DNorm: Disease Named Entity Recognition and Normalization with Pairwise Learning to Rank
Authors: Robert Leaman, Rezarta Islamaj Dogan and Zhiyong Lu (PI)
Research highlights (demo)
DNorm is an automated method for determining which diseases are mentioned in biomedical text, the task of disease normalization. Diseases have a central role in many lines of biomedical research, making this task important for many lines of inquiry, including etiology (e.g. gene-disease relationships) and clinical aspects (e.g. diagnosis, prevention, and treatment). DNorm is a high-performing and mathematically principled framework for learning similarities between mentions and concept names directly from training data. DNorm is the first technique to use machine learning to normalize disease names and also the first method employing pairwise learning to rank in a normalization task. DNorm achieved the best performance in the 2013 ShARe/CLEF shared task on disease normalization in clinical notes.
Method overview
The technique consists of series of processing steps summarized in Figure 1 and described below.

Results
We evaluated the system on the NCBI Disease Corpus test set at the level of associations between the disease concept and the abstract, not individual mentions.
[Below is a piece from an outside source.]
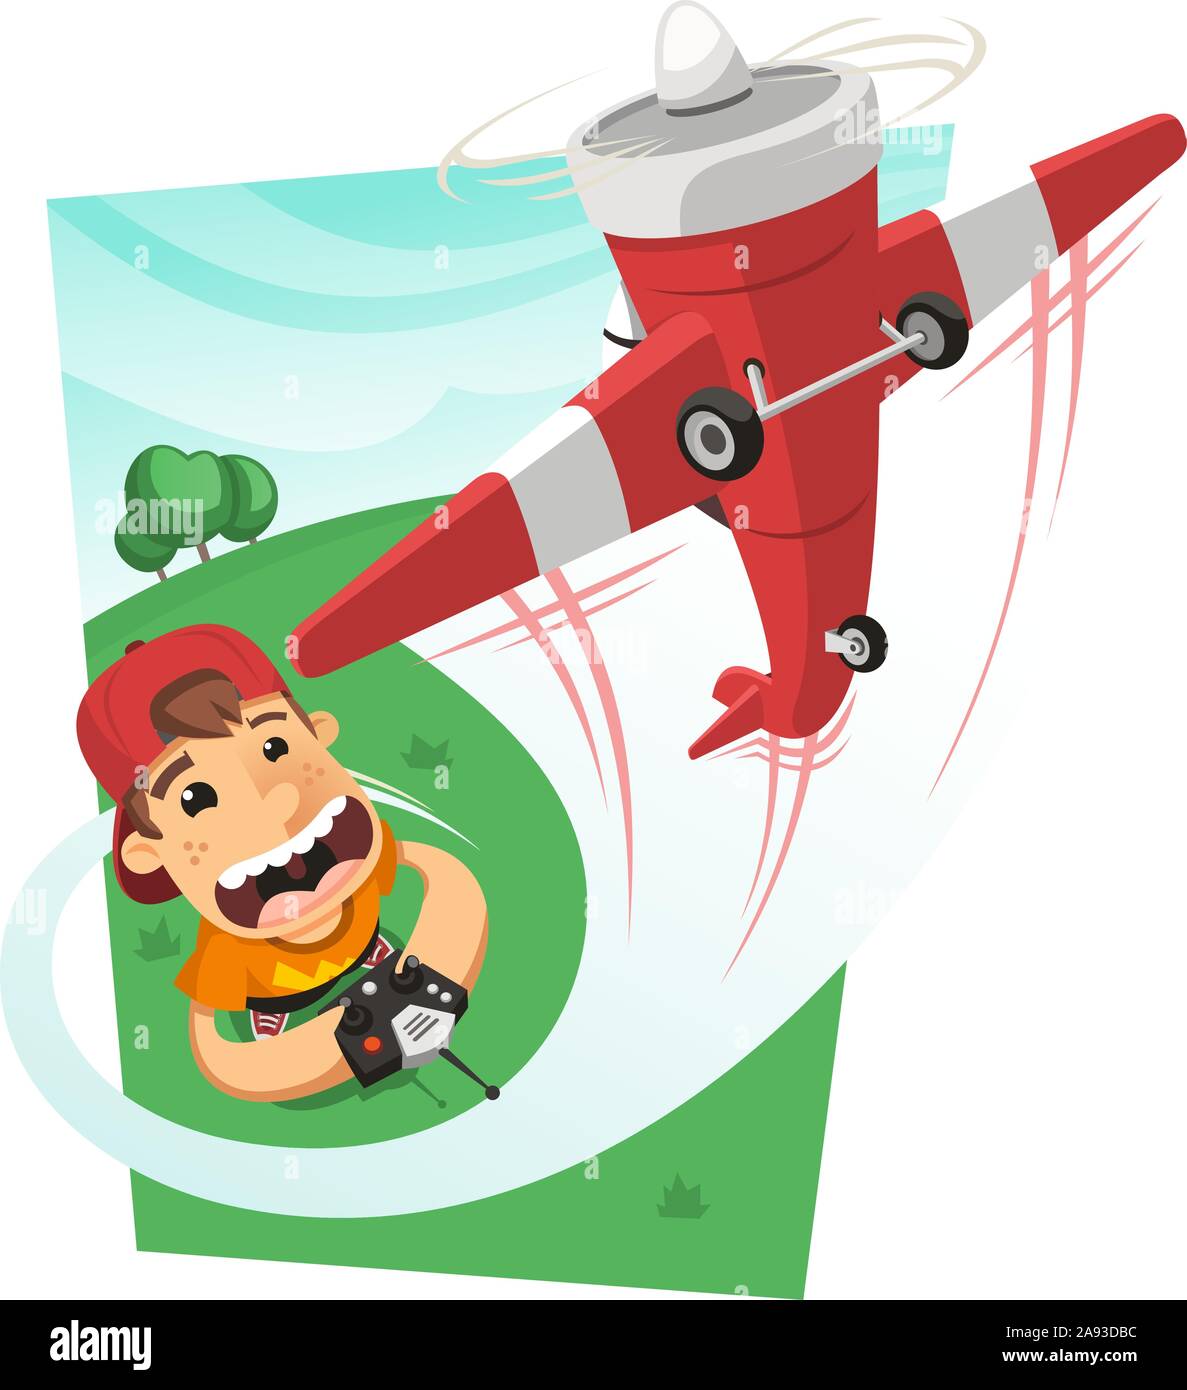 Garçon jouant avec un avion de commande radio dans le parc, vector illustration cartoon. Illustration de Vecteur

Method | Precision | Recall | F-measure |
NLM Lexical Normalization | 0.218 | 0.685 | 0.331 |
MetaMap | 0.502 | 0.665 | 0.572 |
Inference Method | 0.533 | 0.662 | 0.591 |
BANNER + Lucene | 0.612 | 0.647 | 0.629 |
BANNER + cosine similarity | 0.649 | 0.674 | 0.661 |
DNorm (BANNER + pLTR) | 0.803 | 0.763 | 0.782 |
Downloads
DNorm Software
NCBI Disease
Corpus
DNorm-tagged PubMed results in PubTator
DNorm
RESTful API
Please cite
- Robert Leaman, Rezarta Islamaj Dog
<8C>an and Zhiyong Lu. DNorm: Disease Name Normalization with Pairwise Learning to Rank. Bioinformatics (2013) 29 (22): 2909-2917, doi:10.1093/bioinformatics/btt474 - Robert Leaman, Ritu Khare and Zhiyong Lu. NCBI at 2013 ShARe/CLEF eHealth Share Task: Disorder Normalization in Clinical Notes with DNorm. Working Notes of the Conference and Labs of the Evaluation Forum (2013)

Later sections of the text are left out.